/MultilingualMusicGenreEmbedding

Python code to reproduce the experiments presented in the paper Multilingual Music Genre Embeddings for Effective Cross-Lingual Music Item Annotation (ISMIR 2020).

Primary LanguagePython

Multilingual Music Genre Embeddings for Effective Cross-Lingual Music Item Annotation

This repository provides Python code to reproduce the cross-lingual music genre translation experiments from the article Multilingual Music Genre Embeddings for Effective Cross-Lingual Music Item Annotation presented at the ISMIR 2020 conference.

The projects consists of three parts:

  • mmge/data_preparation: collect and prepare data required for learning music genre embeddings and for evaluation (see Data preparation for more details).
  • mmge/embeddings_learning: learn English-language only or multilingual music genre embeddings (see Music genre embedding for more details).
  • mmge/tag_translation: perform and evaluate cross-source English-language only or cross-lingual music genre translation (see Music genre translation for more details).

We currently support three languages:

  • 🇬🇧 English (en)
  • 🇫🇷 French (fr)
  • 🇪🇸 Spanish (es)

Installation

git clone https://github.com/deezer/MultilingualMusicGenreEmbedding
cd MultilingualMusicGenreEmbedding
python setup.py install

Requirements: numpy, pandas, sklearn, networkx, joblib, torch, SPARQLWrapper, spacy.

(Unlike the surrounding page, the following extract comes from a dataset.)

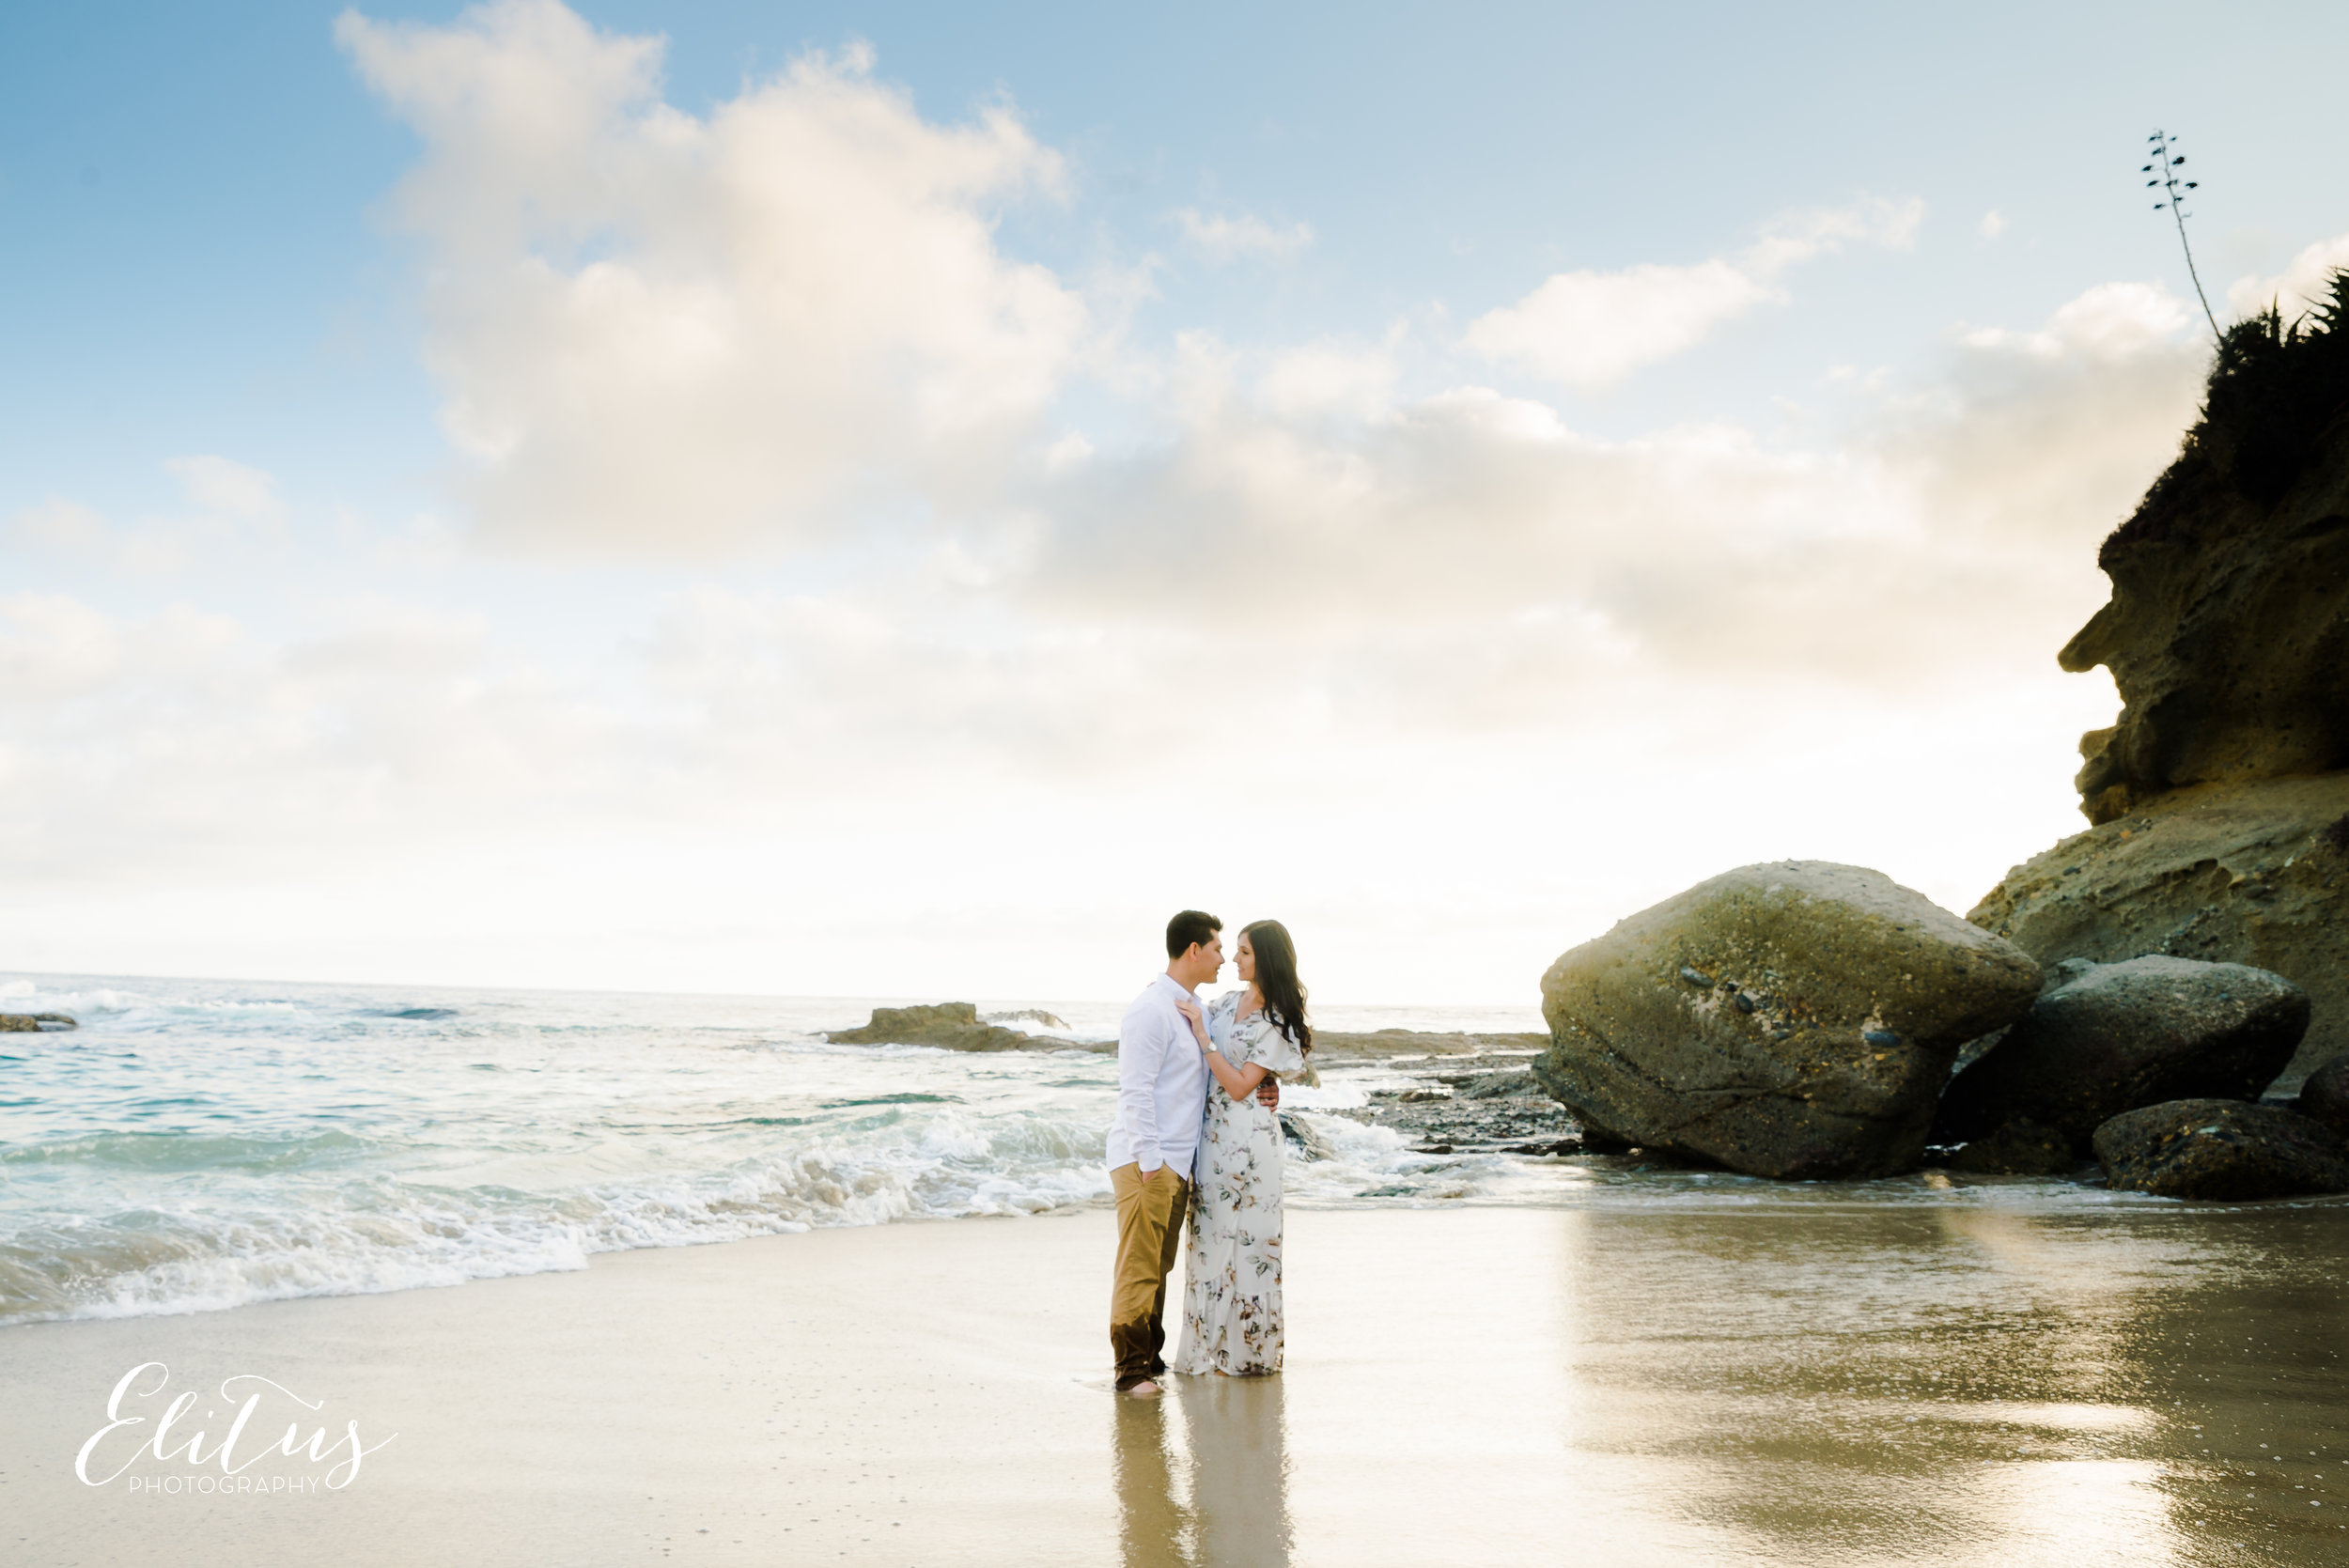 elitus-photograpy-laguna-beach-marisol-benito-engagement (110 of 115).jpg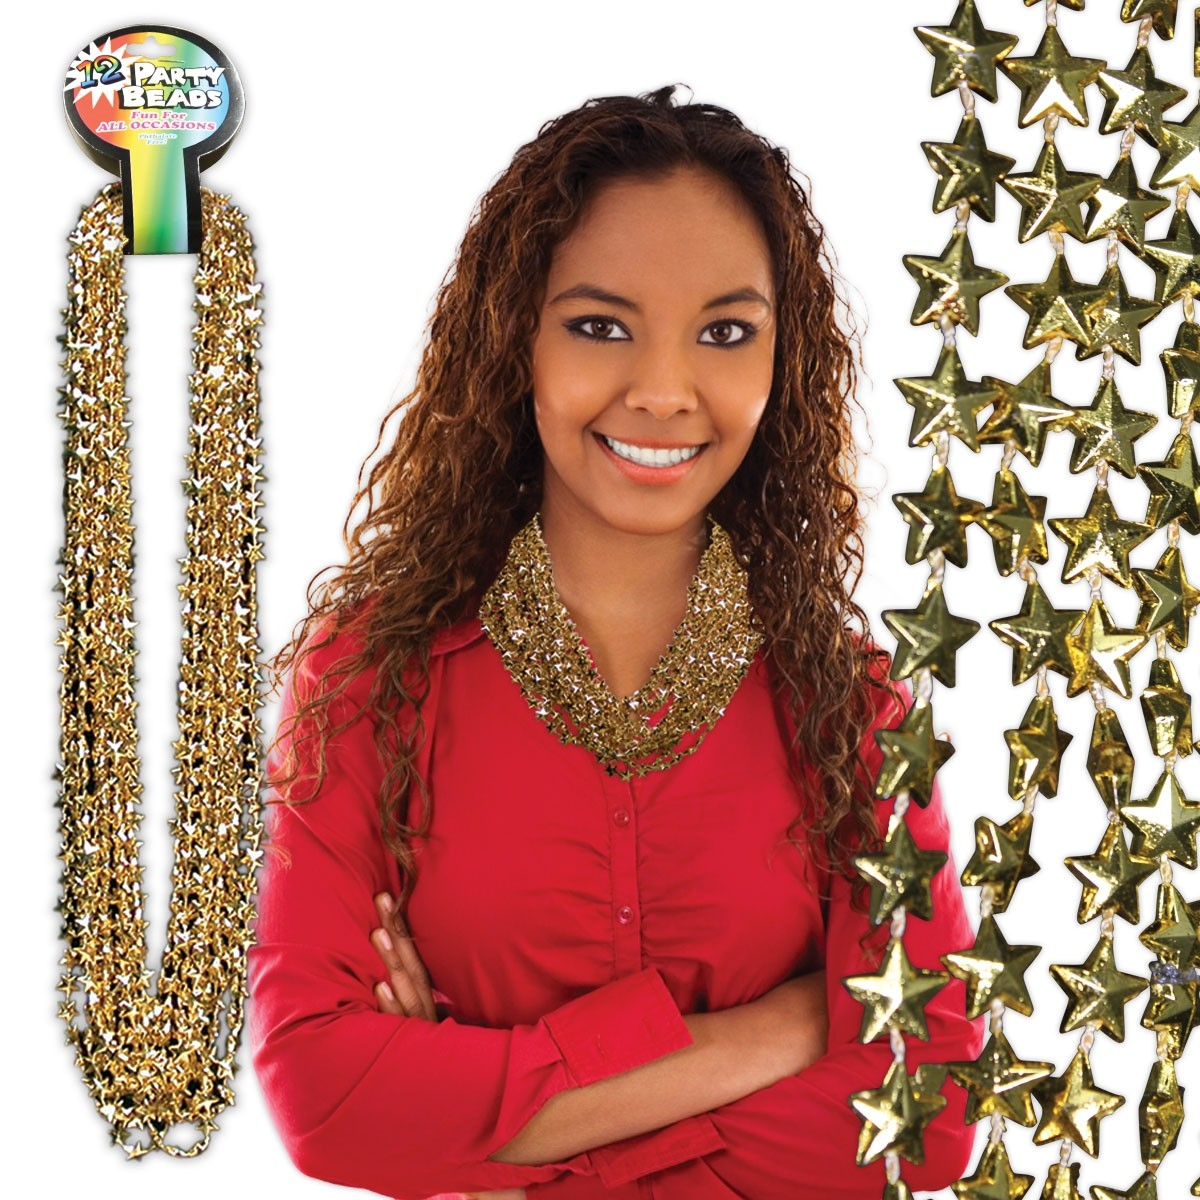 Gold Star Beads

Reproduce published results

We further explain how to reproduce the results reported in Table 3 and Table 4 of the article.

Download data

Data collected from DBpedia, namely the parallel corpus and music genre graph, could change over time. Consequently, we provide for download the version used in the paper experiments. We also include the pre-computed music genre embeddings. More details about how to prepare the data and learn embeddings from scratch can be found in Data preparation and Music genre embedding respectively.

For the cross-source English-language music genre translation, we rely on the same parallel corpus as in our previous work Leveraging knowledge bases and parallel annotations for music genre translation. We also provide for download the pre-computed distance tables required by the baseline translator. For more information about how these tables are generated, please consult this git repository.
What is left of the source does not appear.